**DATASET EXTRACT**
※
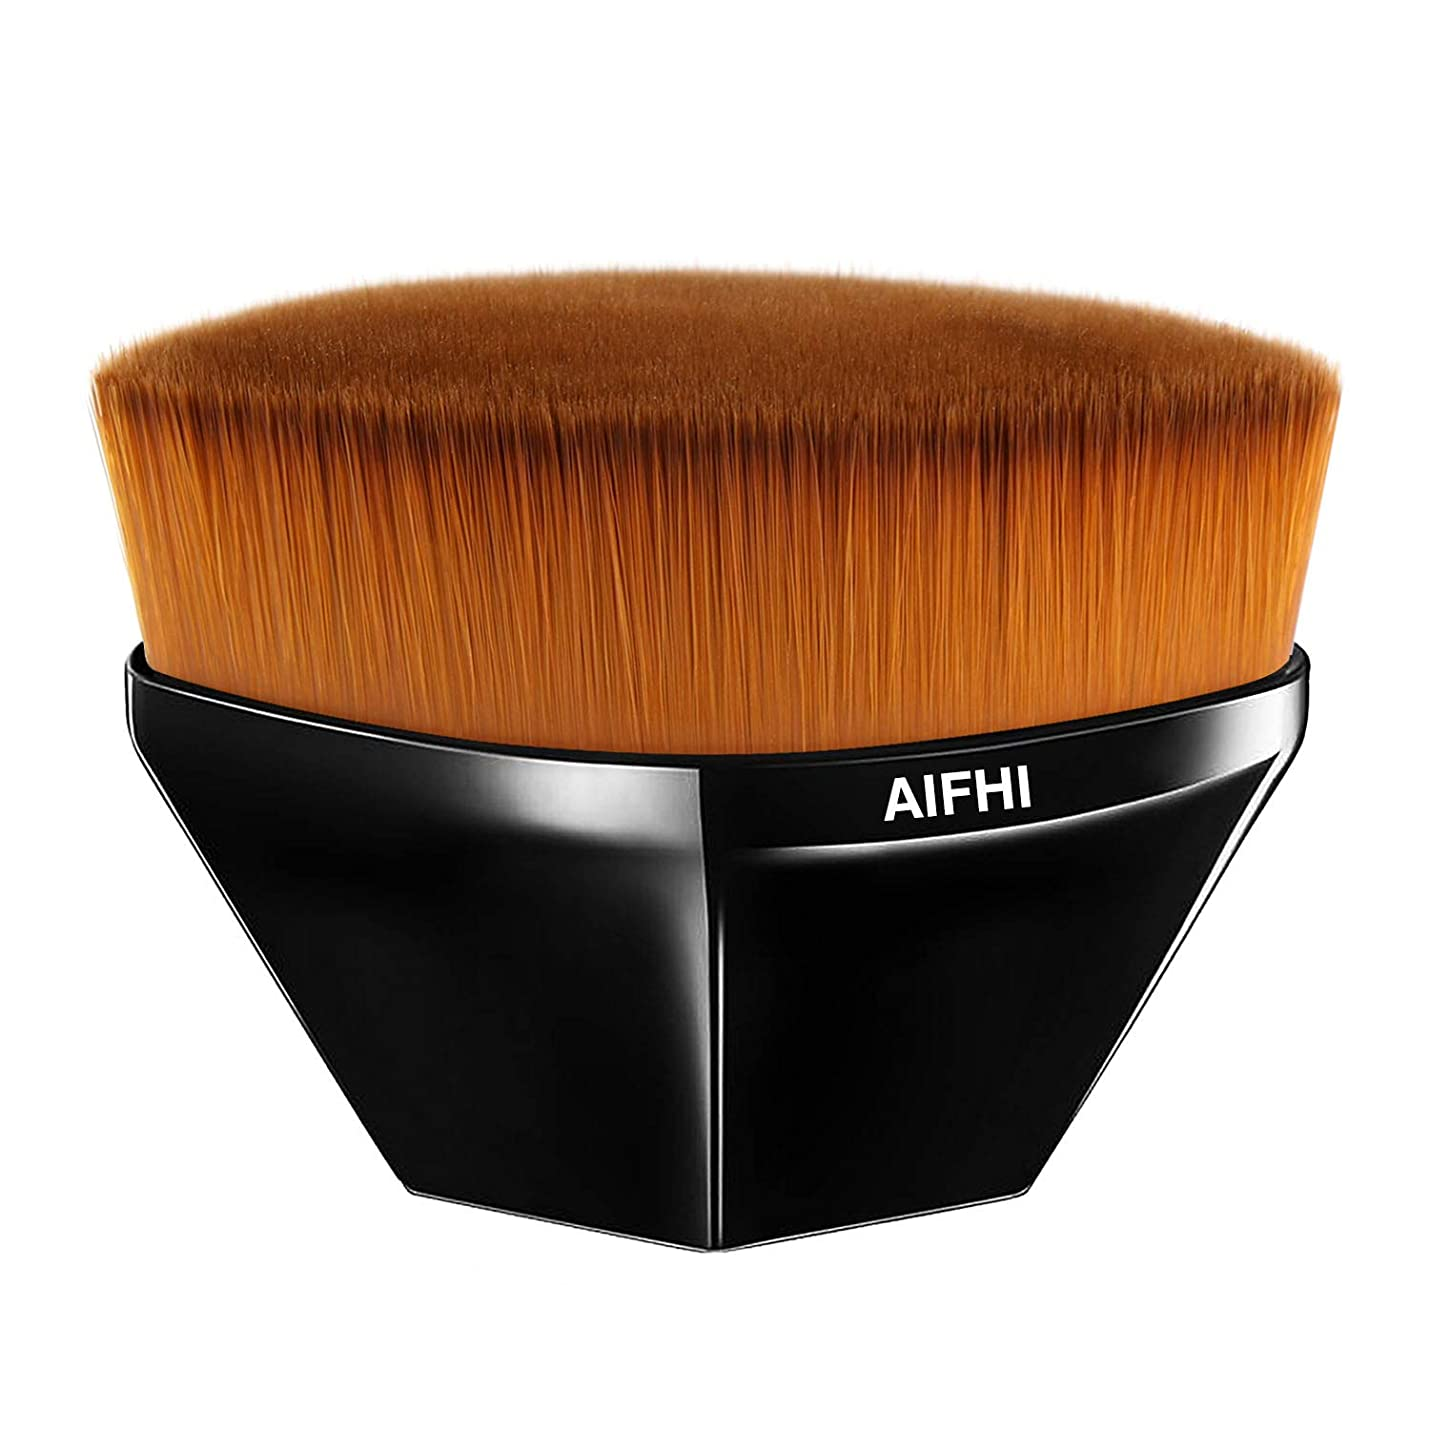 連邦自伝ミシン目AIFHI メイクアップブラシ 粧ブラシ 化粧筆 ファンデーションブラシ 肌に優しい 携帯便利 高級のタクロンを使用 (ブラック)
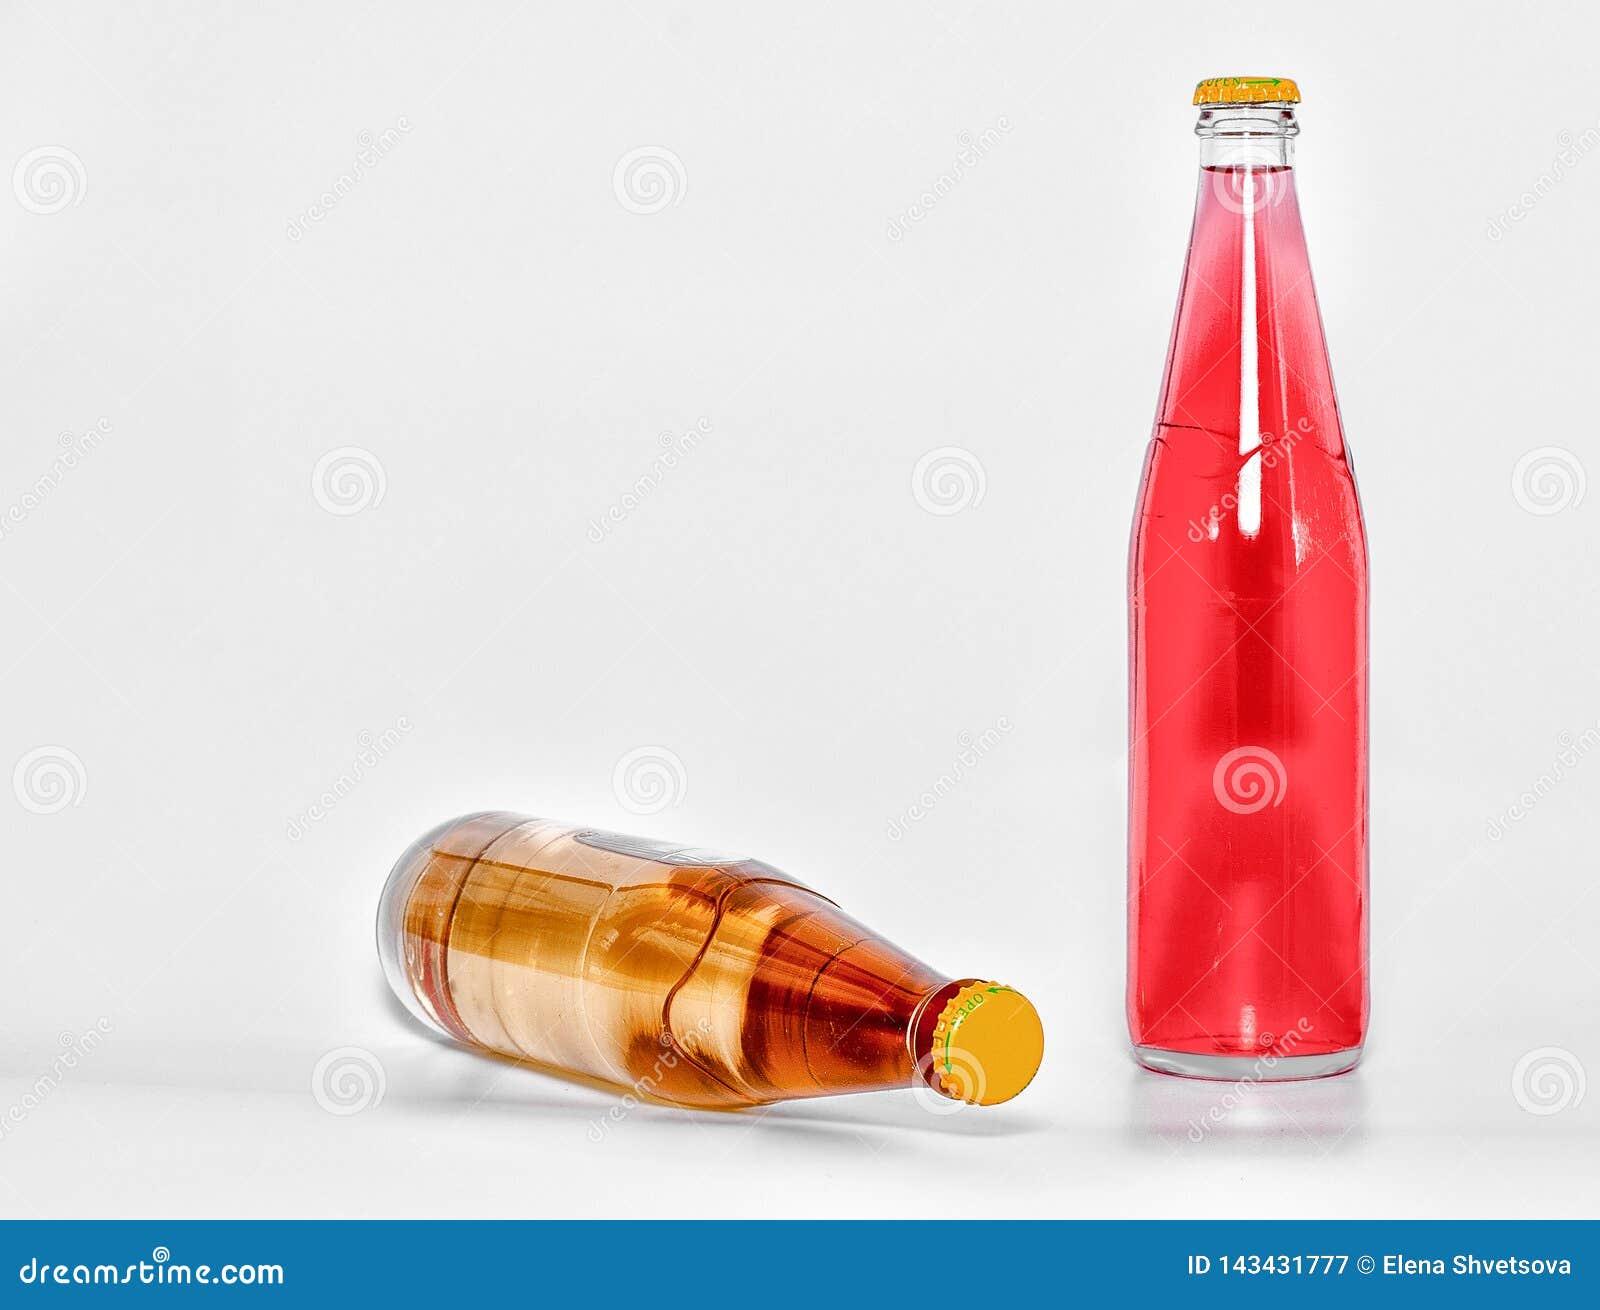 Glasflessen met rode en gele drank op een witte achtergrond Front View
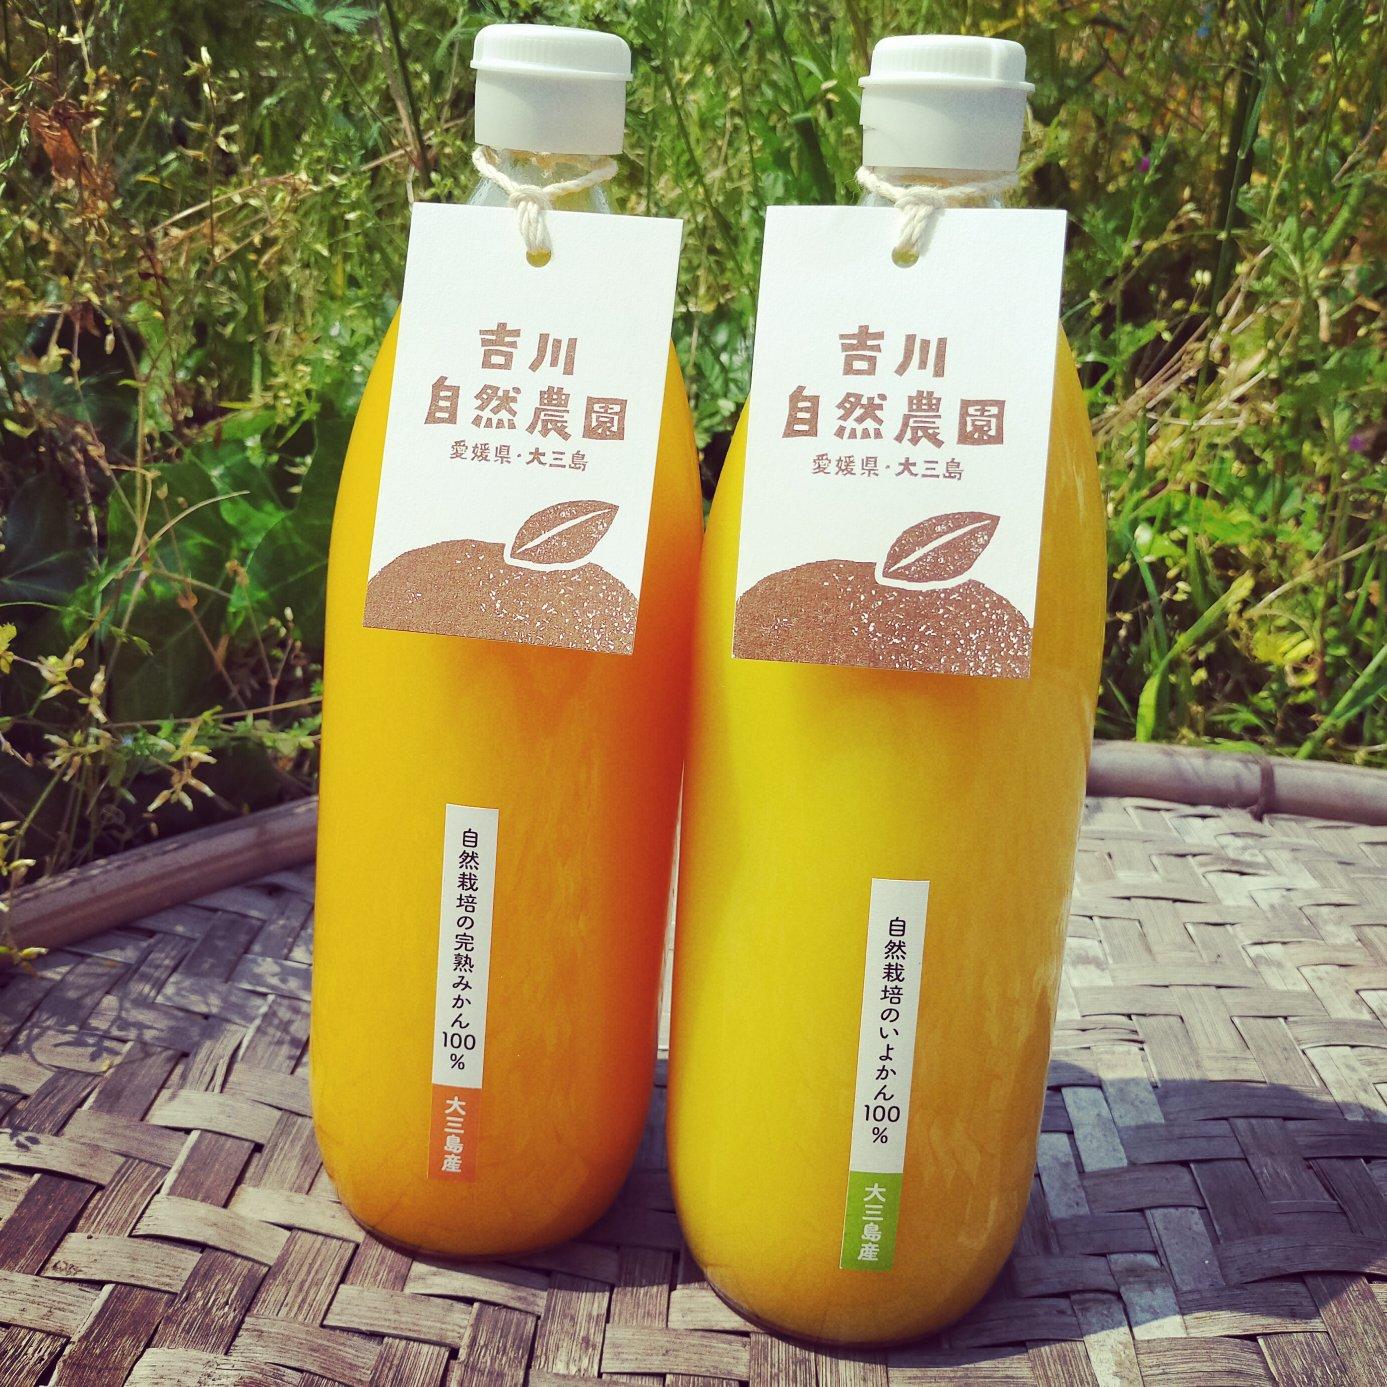 【飲み比べセット】無添加柑橘ジュース 1000ml×4本(温州みかんジュースと伊予柑ジュース各2本ずつ) 飲料/ジュース通販
※
**ASSIGNMENT**
First drop every picture, then print the data above exactly as it stands.

**WORKED SOLUTION**
 連邦自伝ミシン目AIFHI メイクアップブラシ 粧ブラシ 化粧筆 ファンデーションブラシ 肌に優しい 携帯便利 高級のタクロンを使用 (ブラック)
 Glasflessen met rode en gele drank op een witte achtergrond Front View
 【飲み比べセット】無添加柑橘ジュース 1000ml×4本(温州みかんジュースと伊予柑ジュース各2本ずつ) 飲料/ジュース通販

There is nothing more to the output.